For me, it has come to mean solving problems in roughly the following way
1) Defining the important functions and data types in a pedantic way so that the semantics are clear as possible to a human, but possibly "inefficient" (I use quotes because one of my other questions is about whether it is really possible to reason effectively about program performance in ghc/Haskell…)
2) Work out some proofs of various properties of your functions and data types 
3) Use the results from step 2 to provide an alternate implementation with provably same semantics but possibly much better performance.

To me it seems that so much of Haskell's design is dedicated to making steps 1-3 possible, and those steps represent for me (and I imagine many others) the thing that makes Haskell (and it cousins) so beautiful.

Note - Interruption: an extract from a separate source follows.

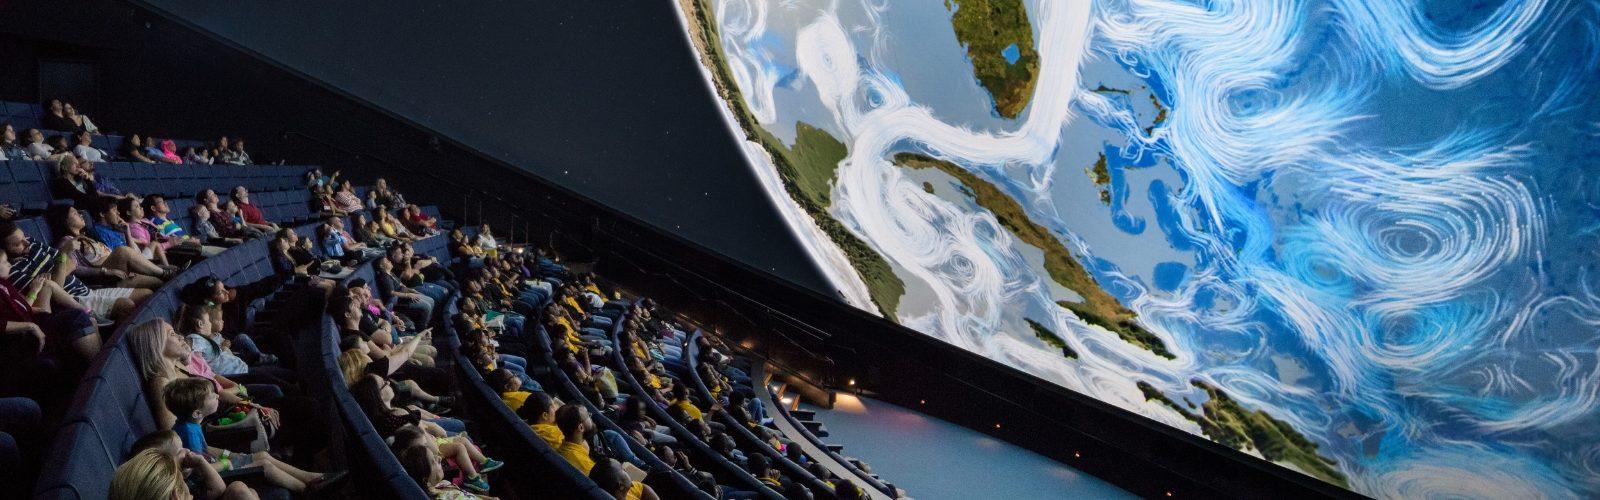 Planetarium - Frost Science

And so my question is, that in 2013, why isn't this process a full fledged part of the language? I imagine I just don't know what I'm talking about, so correct me if I'm wrong, but this is how I understand the workflow used in practice with program derivation:  1) state the problem pedantically in code, 2) work out a bunch of proofs with pen and paper, 3) and then translate that back into code, perhaps leaving you with function_v1, function_v2, function_v3, etc   -- that seems fine for 1998, but why is it still being done this way?

What I'm asking about might sound related to theorem provers, -- but if so ,I feel like what I'm thinking about is not so much the very difficult problem of automated proofs or even proof assistants, but the somewhat simpler task of proof verification. Concretely, here's a possibility of how I imagine   the workflow could be:

++ in code, pedantically setup the problem. 
++ in code, state a theorem, and prove it -- this would require a revision to the language (Haskell 201x) and perhaps look like Isabella's ISAR -- a -structured- proof syntax that is easy for humans to construct and understand -- in particular it would possible to easily reuse previous theorems and leave out various steps.  At compile time, the compiler would check that the proof was correct, or perhaps complain that it can't see how I went from step 3 to step 4, in which case I might have to add in another step (3b) to  help the compiler verify the proof.  
++ afterwards, I would use my new theorems to create semantically identical variants of my original functions (again this process would be integrated into the language)

While I feel like theorem provers offer some aspects of this workflow (in particular with the ability to export scala or haskell code when you are done), I feel that in practice it is only useful for modeling fairly technically things like protocols and crypto stuff -- whereas if this existed within haskell proper it would find much broader use and have greater impact.

I haven't fully fleshed out all the various steps of what exactly it would mean to have program derivation be a first class citizen, but I'll pause here and followup if a conversation ensues. 

To me, it seems that something like this should be possible -- am i being naive? does it already exist?  have people tried and given up? is it just around the corner?  can you help me make sense of all of this?